WHAT TO PRODUCE:
Set down exactly the lines in the records below that run from the line with "Ciorras at The" to the line with "Картинки девушка, модель, позирует, helga", inclusive, and nothing more.

DATA RECORDS:
++++++++
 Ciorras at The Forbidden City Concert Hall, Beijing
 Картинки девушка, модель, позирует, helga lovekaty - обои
++++++++
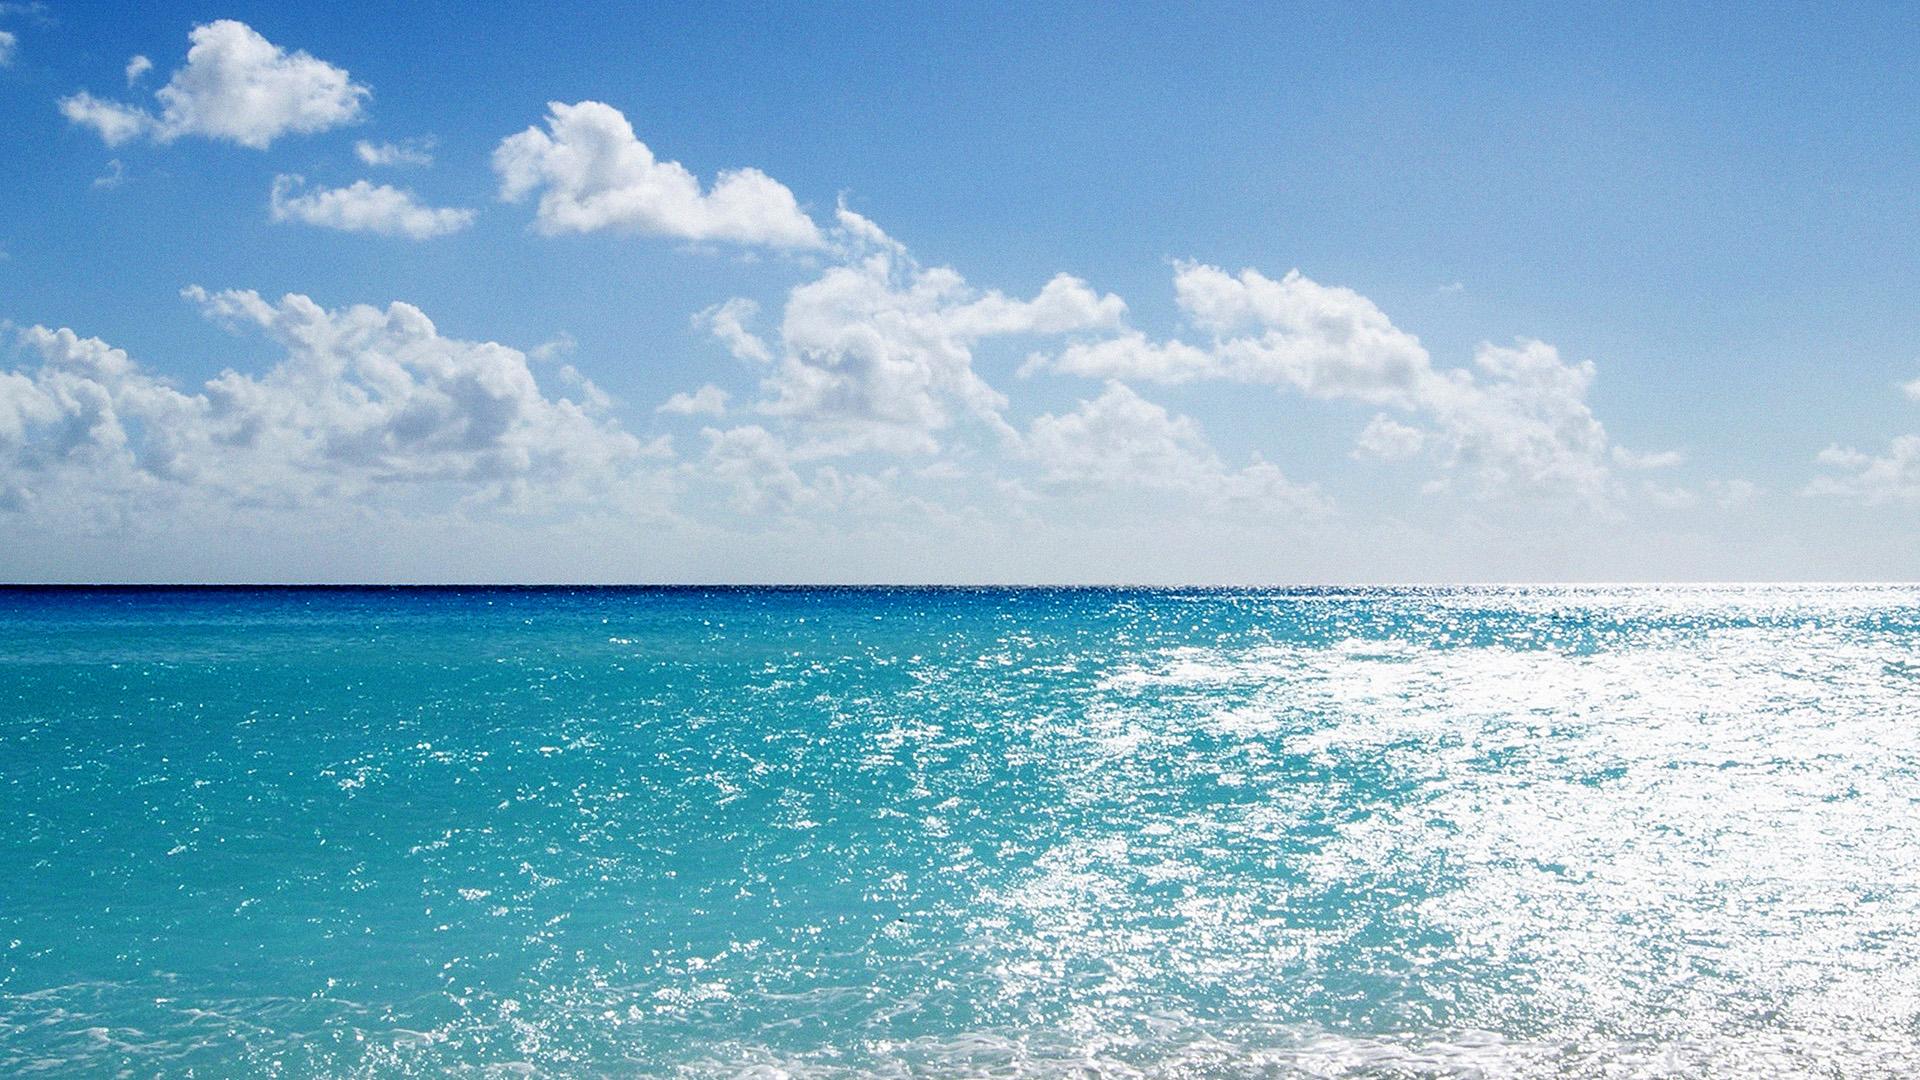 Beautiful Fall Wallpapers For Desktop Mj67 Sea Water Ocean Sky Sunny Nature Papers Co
++++++++
EXERCISE SOLUTION:
 Ciorras at The Forbidden City Concert Hall, Beijing
 Картинки девушка, модель, позирует, helga lovekaty - обои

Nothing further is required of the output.